Central Station was a terminal for the following lines and intercity trains:
- Chesapeake and Ohio Railway (March 1, 1925 to c. 1930s)
- Cleveland, Cincinnati, Chicago and St. Louis Railway (Big Four)
  - Carolina Special to Asheville, Charlotte, and Charleston
  - James Whitcomb Riley to Cincinnati
  - Royal Palm and Ponce de Leon trains to Georgia and Florida
- Illinois Central Railroad
  - City of Miami to Miami, Florida
  - City of New Orleans and Panama Limited to New Orleans, Louisiana
  - Diamond Special to St. Louis, Missouri
  - Hawkeye to Sioux Falls, South Dakota
  - Iowan to Sioux City, Iowa
  - Land O'Corn to Waterloo, Iowa
  - Seminole to Jacksonville, Florida
  - Shawnee to Carbondale, Illinois
  - Sinnissippi to Freeport, Iowa
- Michigan Central Railroad (up to January 17, 1957)
  - Canadian to Montreal, Quebec, and later to Toronto, Ontario
  - Mercury to Detroit, Michigan, Cleveland, Ohio and Cincinnati, Ohio
  - North Shore Limited to New York City
  - Motor City Special to Detroit, Michigan
  - Niagara to New York City (cut back to Niagara Falls to NYC in 1940s)
  - Wolverine to New York City
- Minneapolis, St. Paul and Sault Ste. Marie Railway (Soo Line) (1899 to 1912 and after 1965)
  - Laker to Duluth, Minnesota
- Pere Marquette Railroad (up to December 15, 1903)
- Amtrak (through March 5, 1972)
  - Floridian
  - George Washington/James Whitcomb Riley
  - Panama Limited
  - Shawnee

The following commuter rail services operated through the station (southern line electrified after 1926) en route to Randolph Street Terminal (now Millennium Station) approximately 1.5 miles to the north:
- Illinois Central Railroad - serving mostly local stops to South Chicago, Blue Island and Richton Park, later extended to University Park
- Illinois Central Railroad - serving local stops to Addison (abandoned 1931)

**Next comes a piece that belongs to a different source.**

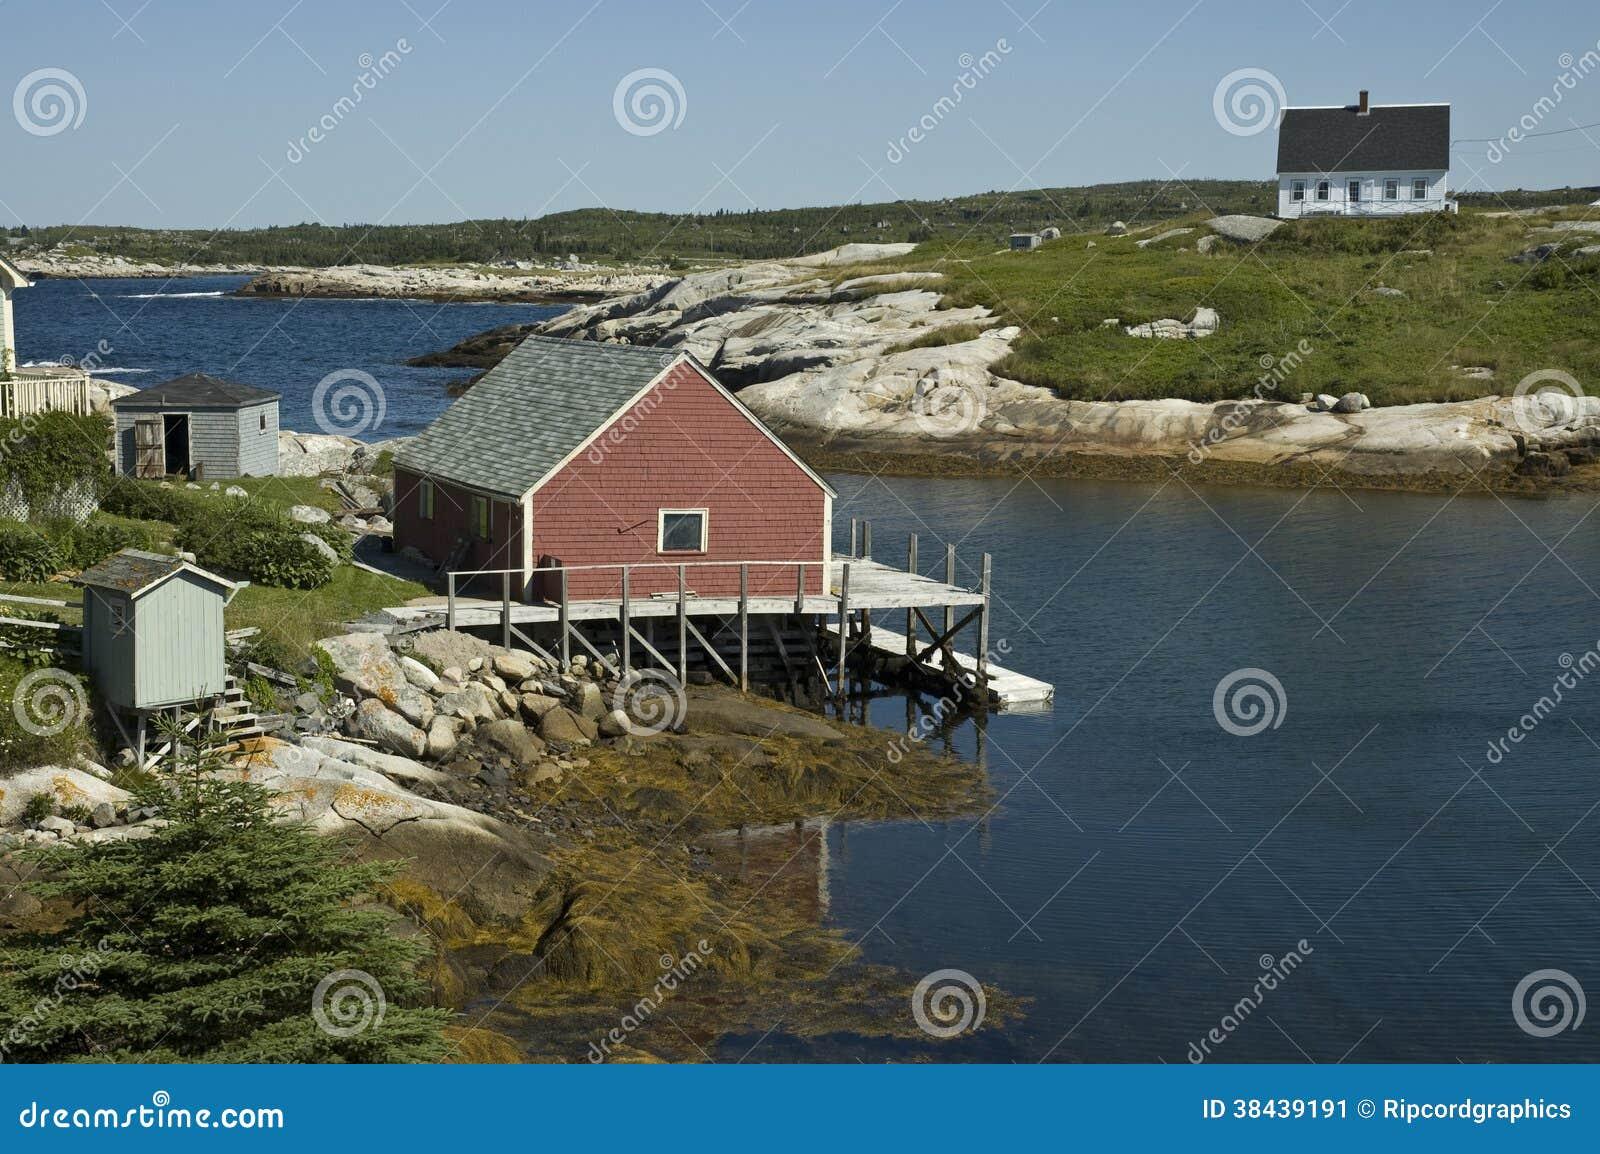 Peggy's Cove, Nova Scotia stock image  Image of halifax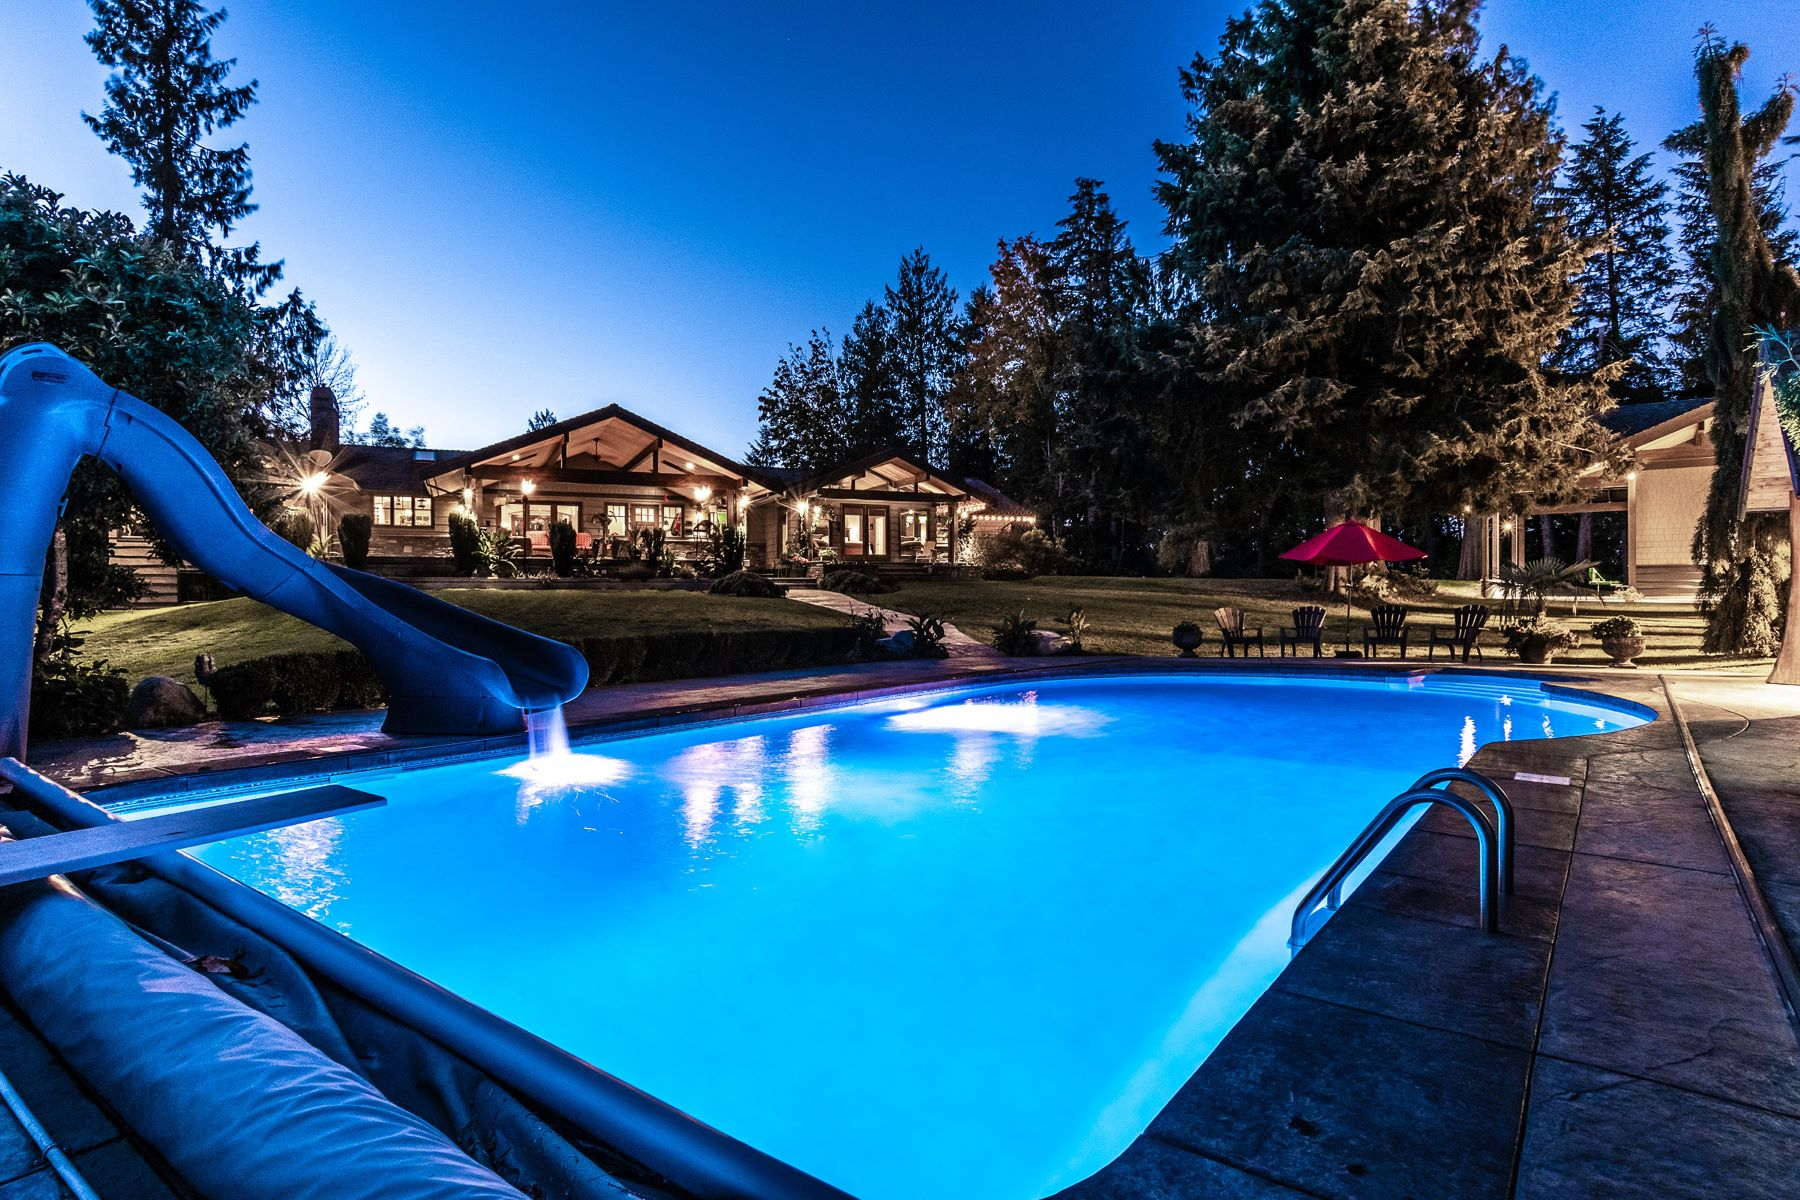 Land for Sale at Ryder Lake Glacier Peak Chalet 47140 Thornton Rd Chilliwack, British Columbia V2R 4S9 Canada

- Chicago South Shore and South Bend Railroad (beginning August 29, 1926) - interurban electric trains to South Bend, Indiana

The former Illinois Central electric commuter service is operated by Metra as its Electric Line and the former South Shore interurban is operated by the Northern Indiana Commuter Transportation District.